What is being asked: Starting at the line containing "Stephen Curry of the Golden State Warriors." and ending at the line containing "Find out everything", transcribe the listing below exactly. Keep both end lines, skip the pictures, and copy nothing else.

Provided records:
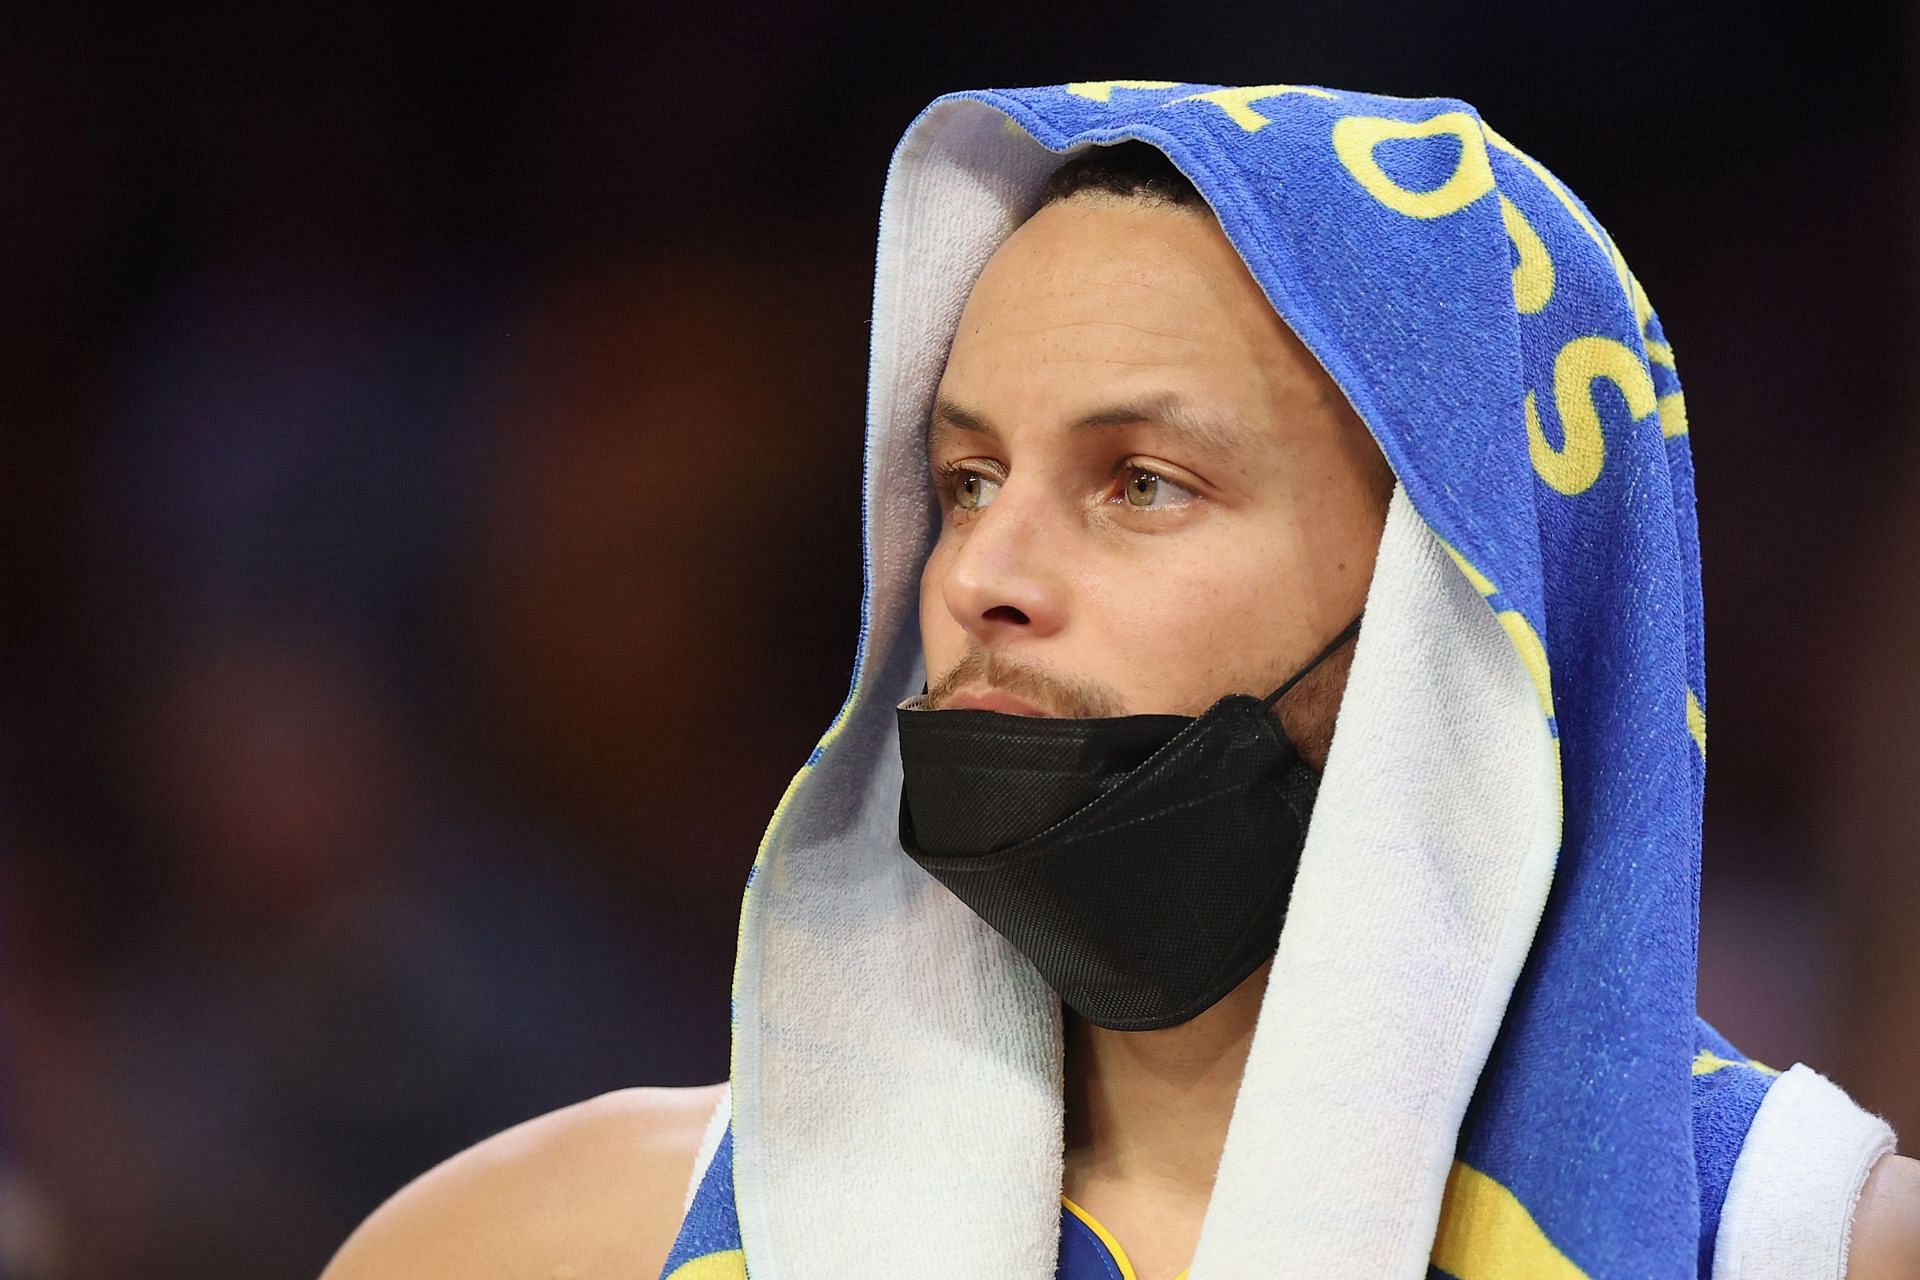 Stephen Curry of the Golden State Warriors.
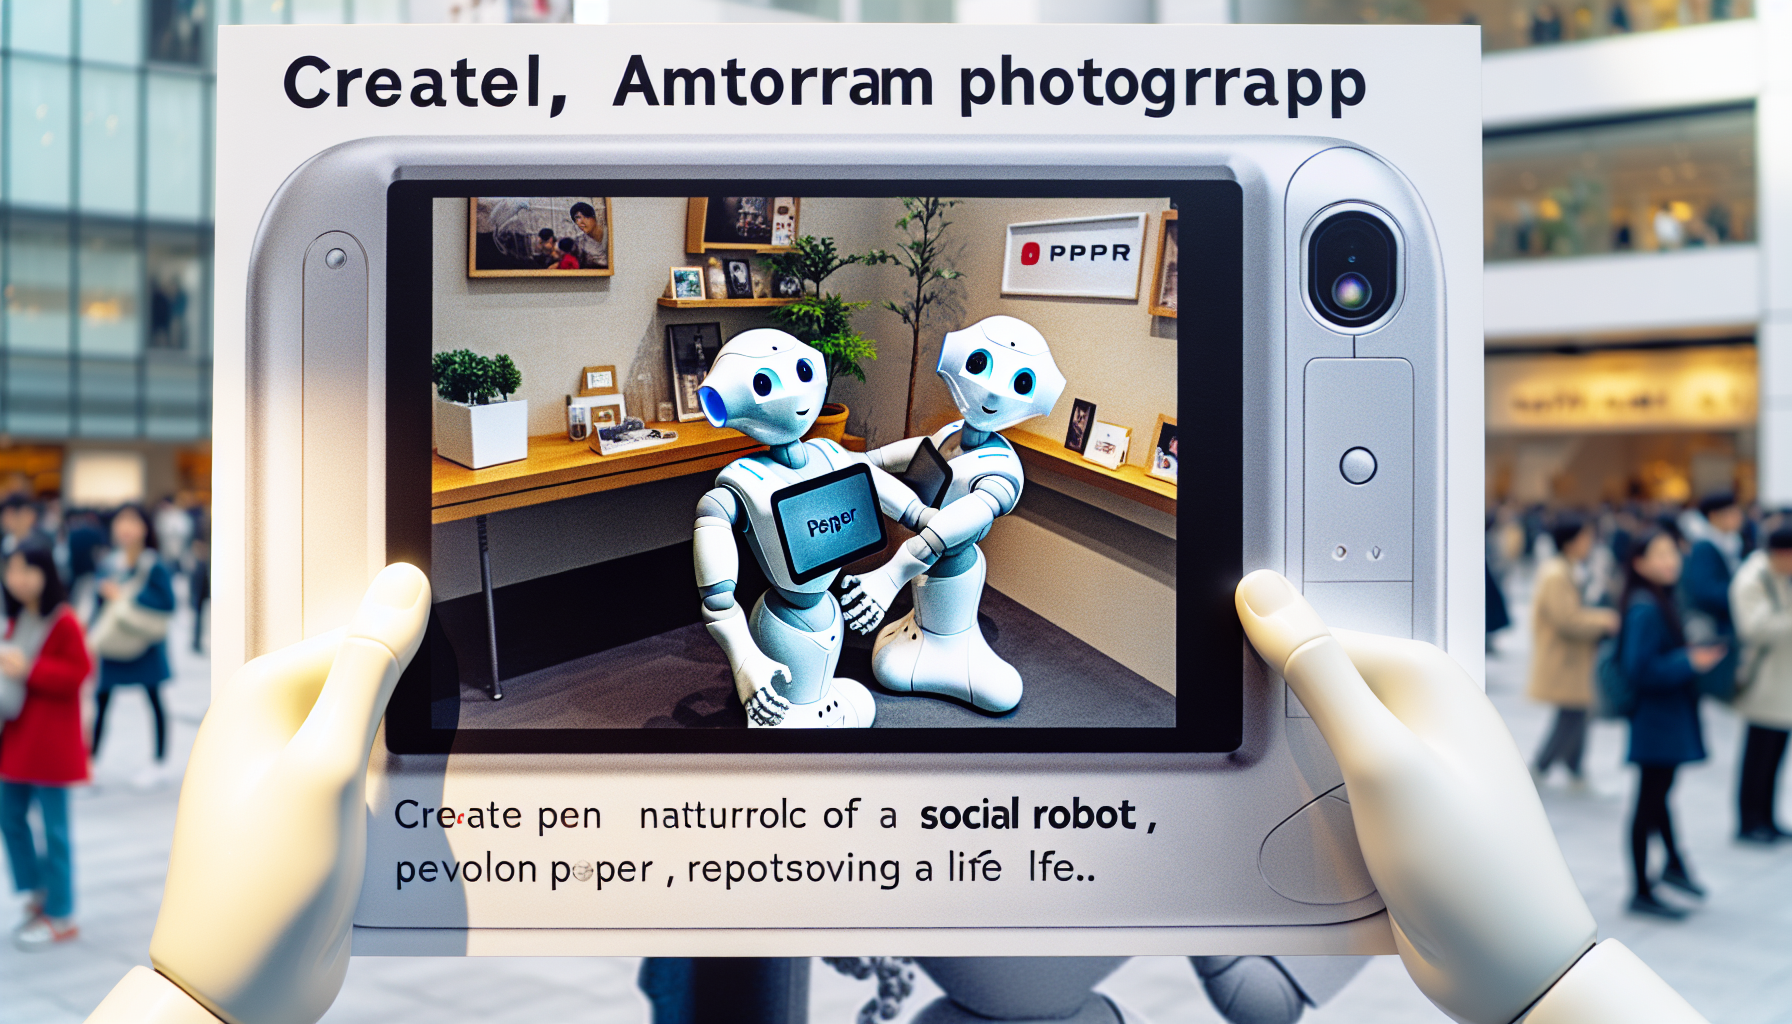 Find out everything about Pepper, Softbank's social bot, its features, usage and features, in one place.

---

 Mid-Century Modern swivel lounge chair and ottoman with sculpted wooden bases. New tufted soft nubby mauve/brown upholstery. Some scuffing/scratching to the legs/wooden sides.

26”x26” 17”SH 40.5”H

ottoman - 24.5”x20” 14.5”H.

==

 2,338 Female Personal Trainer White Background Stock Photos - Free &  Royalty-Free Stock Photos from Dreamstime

Exercise response:
 Stephen Curry of the Golden State Warriors.
 Find out everything about Pepper, Softbank's social bot, its features, usage and features, in one place.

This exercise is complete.